Ospite a Catania nel 2016, aveva omaggiato la
Sicilia con queste parole: “Tanti anni fa, la mia casa
editrice, che è la stessa di Camilleri, mi dice che lui
sarebbe arrivato da lì a poco in Spagna e aveva il
desiderio di salutarmi. No, dissi io. Sono io che
voglio salutare lui. Ho un’ammirazione enorme
verso Camilleri, così come verso tanti altri autori
siciliani da Luigi Pirandello a Leonardo Sciascia.

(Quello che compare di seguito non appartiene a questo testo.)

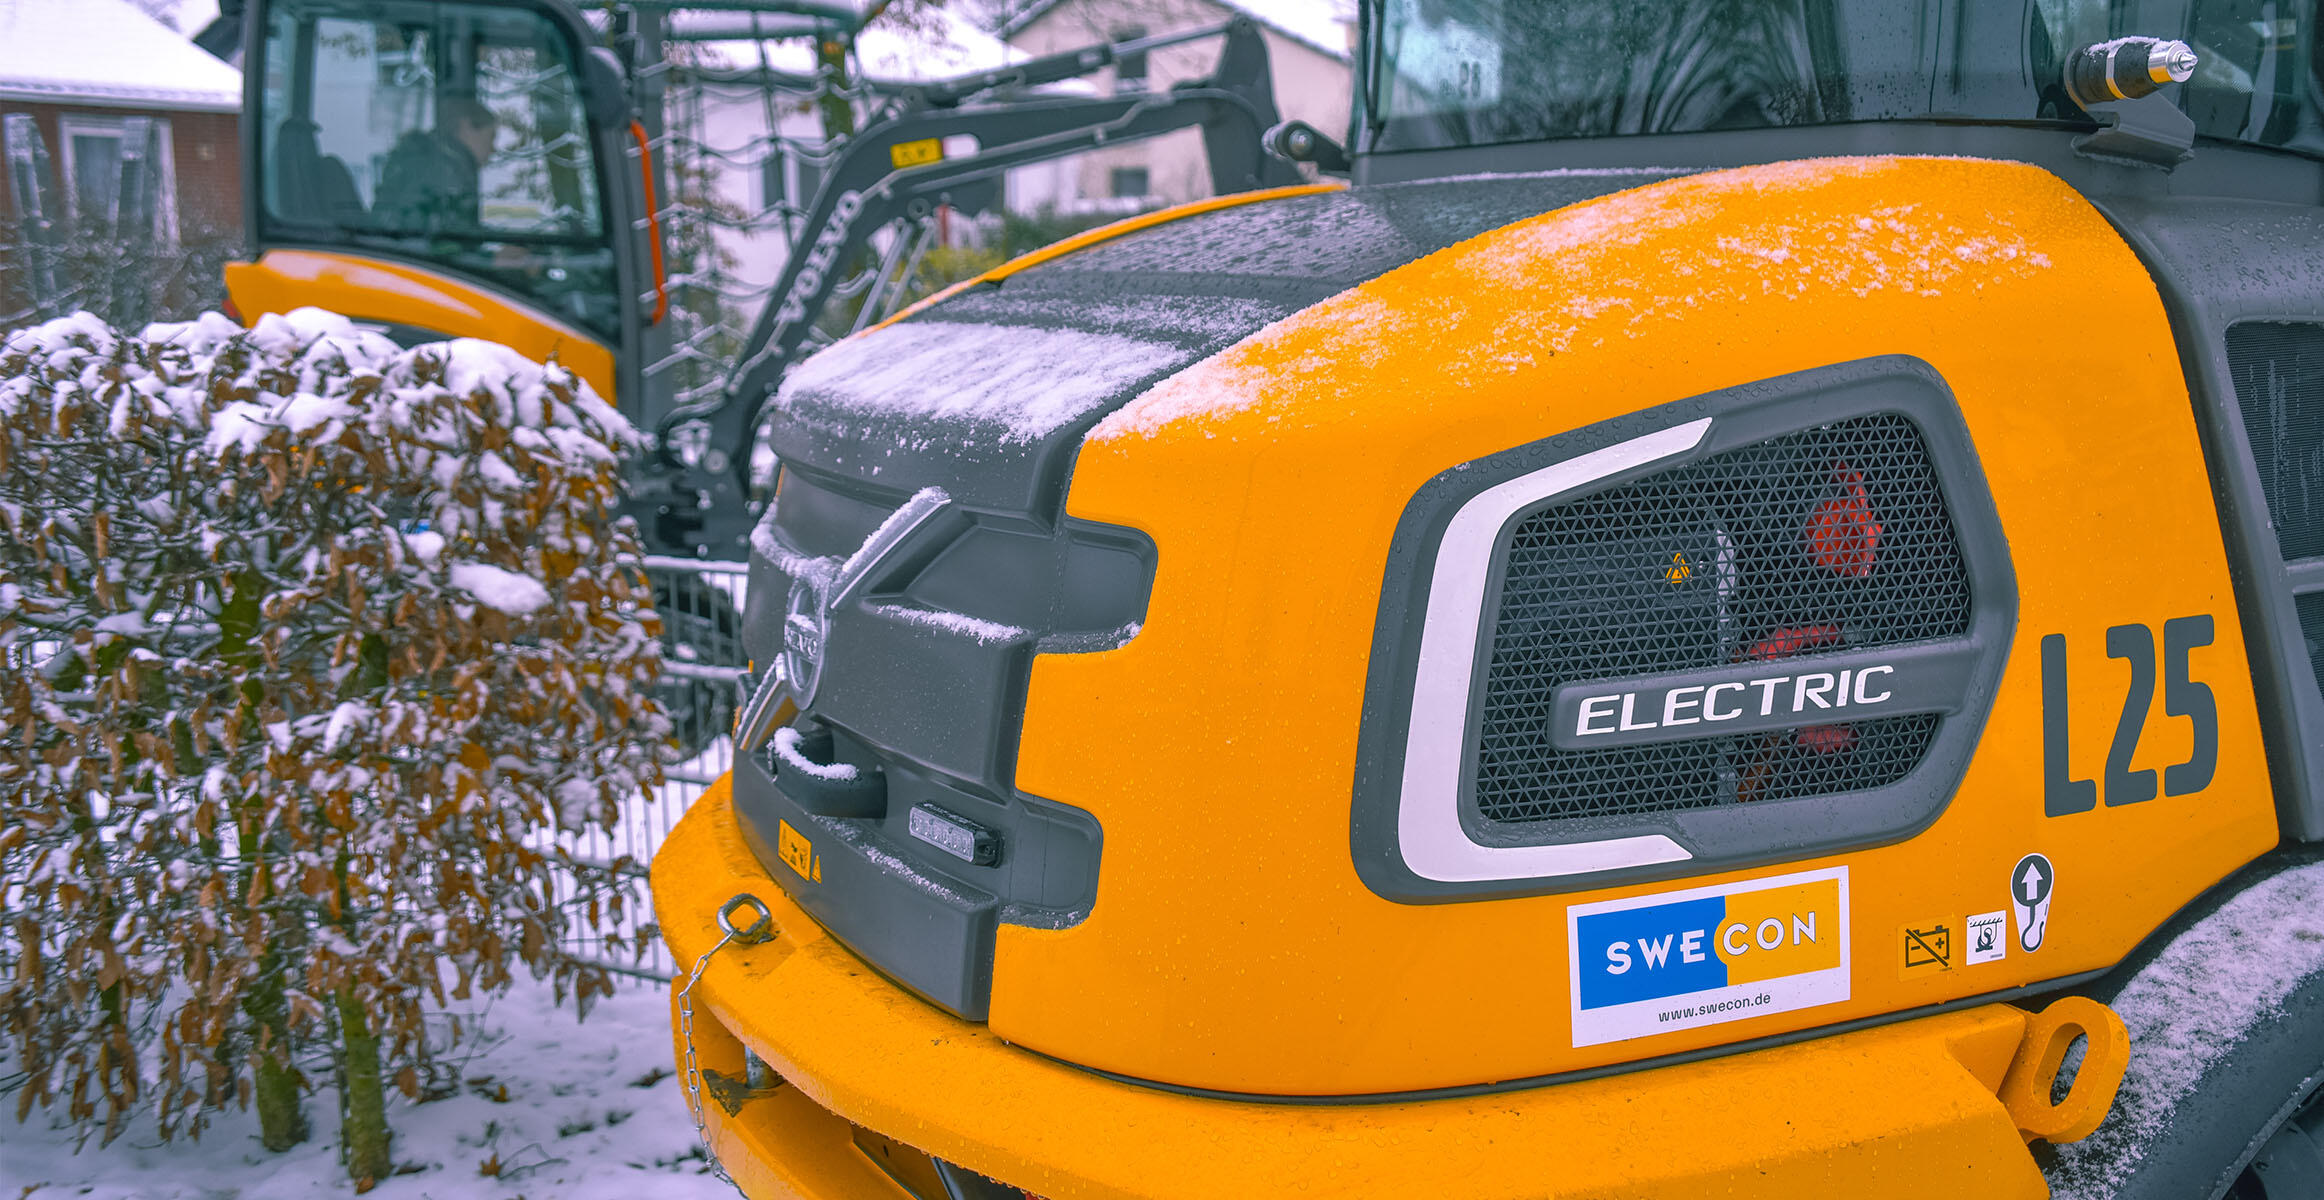 The L25 Electric was put to work alongside the ECR25 Electric

La sicilianità è qualcosa di straordinario, l’aspetto
che amo di più della Sicilia. È un’attitudine umana,
una forma dell’essere che si traduce in qualità come
per esempio l’ospitalità, un pregio tipico dei
siciliani”.
Rimangono – oltre lo sgomento, penso ai messaggi
dei nostri alunni, che hanno amato e letto e perfino
portato in scena, alle elementari e alle medie, i suoi
lavori, “La gabbianella e il gatto che le insegnò a
volare” – la scrittura limpida di Sepúlveda, le sue
idee e soprattutto i suoi libri.
“Sapeva leggere. Fu la scoperta più importante di
tutta la sua vita. Sapeva leggere. Possedeva
l’antidoto contro il terribile veleno della vecchiaia”.